Ecuador’s Dollar Reliance Worsens Impact of Oil, Correa Says

By Nathan Gill
(Bloomberg) — President Rafael Correa, a former economics professor critical of Ecuador’s use of the dollar as its official currency, said the greenback is worsening the impact of falling crude prices as liquidity in the economy contracts.

The reliance on the dollar means the government can’t print more money to increase the amount of cash circulating in the economy, hurting growth, Correa said in comments from Costa Rica, broadcast on the presidential website. The country adopted the dollar in 2000 after a banking crisis in the 1990s.

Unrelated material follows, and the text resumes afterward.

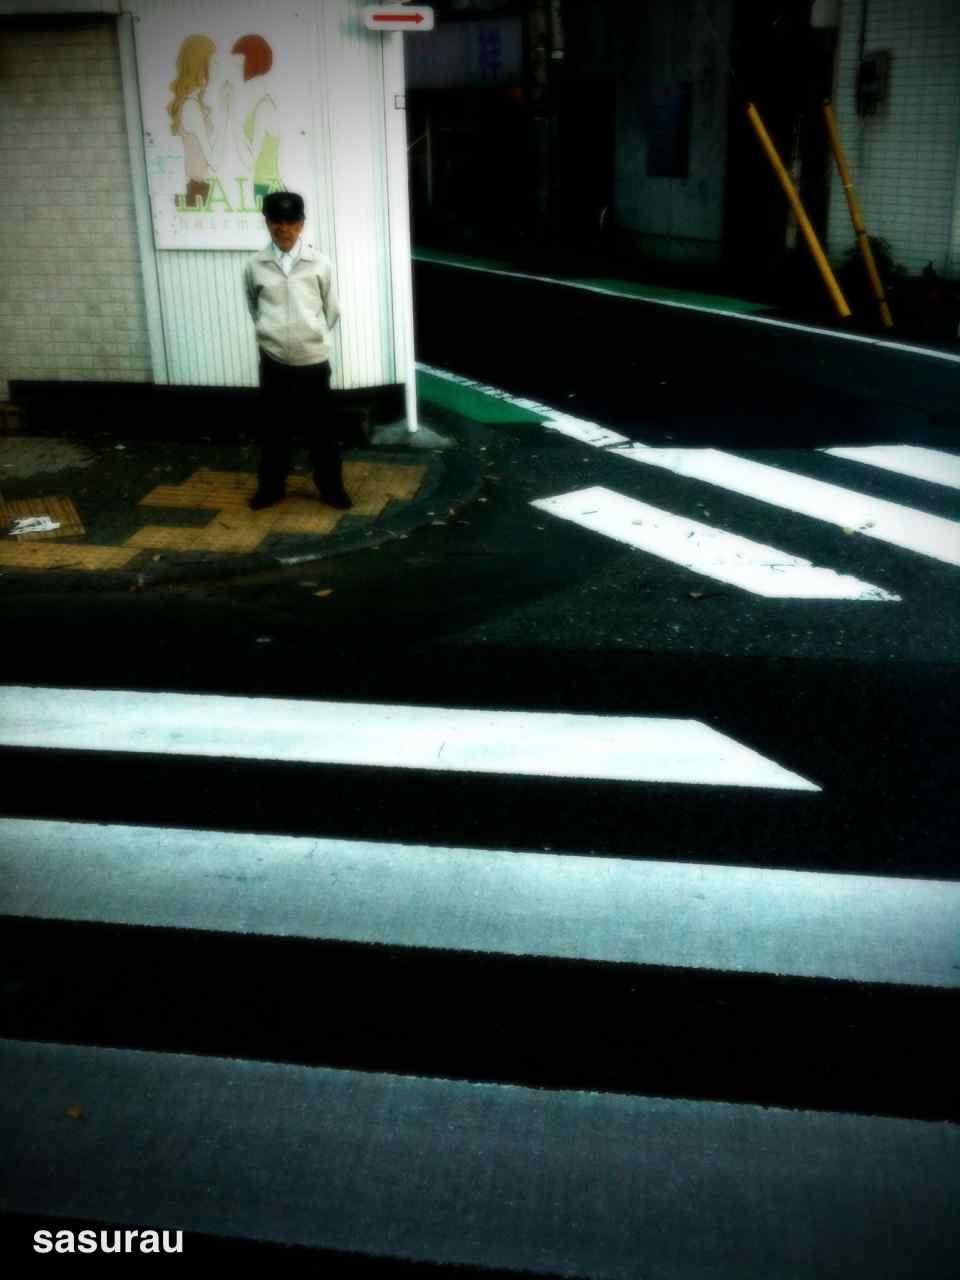 3591793-photo_by_camerakit.jpg

Ecuador depends on crude for about half of its export revenue, and the nation is taking steps to minimize the fallout on the economy from lower oil prices, he said. The government, which defaulted on $3.2 billion of the nation’s foreign bonds six years ago, announced this month that it would cut planned public spending by about 4 percent and take on more debt with China to offset the plunge in crude.
Lower oil prices “hit us hard,” Correa said. “In a dollarized regime, a technically absurd barbarity that occurred in Ecuador after a terrible crisis, the problem is more severe.”
Ecuador’s economic growth will slow to 3.3 percent this year from an estimated 3.9 percent in 2014, according to the median forecast of six economists surveyed by Bloomberg from Dec. 12 to Dec. 17.
Prices for the OPEC member’s Oriente oil have fallen 59 percent to $41.26 a barrel since last year’s peak in June, according to data compiled by Bloomberg. The Finance Ministry had forecast an average export price for its Oriente and Napo crudes of $79.70 in the 2015 budget. It has now cut that to between $50 and $60, Finance Minister Fausto Herrera said in an interview this month.
Ecuador Deficits
Ecuador has posted annual current-account deficits since 2009, draining dollars from the economy, according to central bank data. The bank reported a $79 million deficit in the third quarter, the last period for which data is available.
To prevent a dollar shortage crimping public spending last year, Correa used more than half the central bank’s gold reserves as collateral to obtain a $400 million loan from Goldman Sachs Group Inc. Ecuador already uses most of its monthly oil output to repay loans from China, according to the Finance Ministry.
Electronic Currency
In December, the central bank created a new, electronic currency to use alongside the greenback that it said would boost banking services in rural areas and reduce the cost of money transfers. Use of the electronic coin is voluntary, will be backed by liquid assets and can’t be swapped for government bonds, according to the central bank.
The Latin American country expects total financing needs for 2015 to rise to about $10.5 billion from a previous estimate of $8.81 billion and will use loans from China, multilateral lenders and the nation’s social security agency to help offset a drop in the price of crude, Herrera said.
Dollarized economies face challenges when export revenue falls and when policy makers don’t save enough to offset the drop in government income, said Juan Lorenzo Maldonado, an economist at Credit Suisse Group AG.
Still, Ecuador has faced periods when oil prices were lower than current levels and shouldn’t have problems weathering the drop in crude, Maldonado said.

“Dollarization can exist with a lower level of oil; you just need to make sure that you’re financing your deficit,” Maldonado said Wednesday in a telephone interview from New York. “Ecuador can withstand the shock.”